The survey from Kaplan Test Prep found that, in 2018, 57 percent of admissions officers thought it was “fair game” to check social media profiles in admissions decisions.

But that same report found that 85 percent of students use Instagram or Snapchat, where it’s easier to protect their privacy, over 36 percent who use Facebook.

Locally, posts have gone viral. In Center Grove, one student is accused of mocking a rival at a basketball game. At Guerin Catholic, five girls admittedly made a video brutally mocking a classmate.
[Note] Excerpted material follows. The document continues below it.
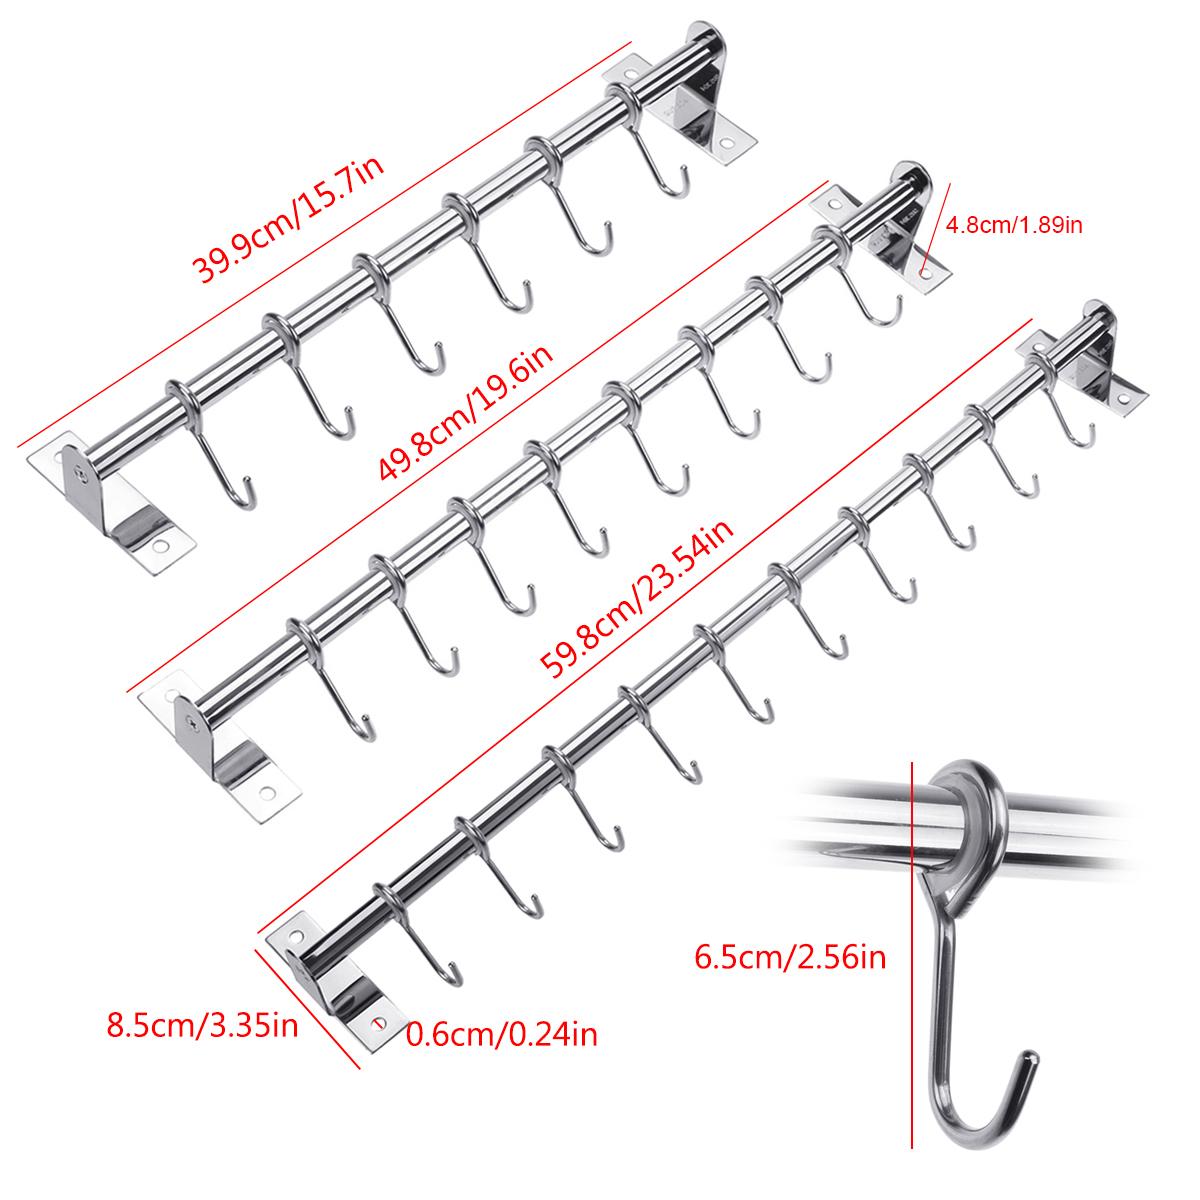 Wall Mount Stainless Steel Kitchen Rail Hanger Hooks Organizer Utensil Storage Holder Rack Bathroom

They were initially suspended pending expulsion, with the school now saying the five are no longer enrolled.

Butler can’t comment on those specific cases, but Menifee cautions, fallout can keep applicants from being accepted, acceptances can be rescinded and students can feel the impact beyond college.

“It’s not just, ‘Can I get into Butler?’” Menifee said. “It’s also about specific programs and licensures.” He continued, “Those incidents can keep you potentially from being licensed in the state to teach.”

Different colleges have different application deadlines, so applicants will want to check with every school they’re considering.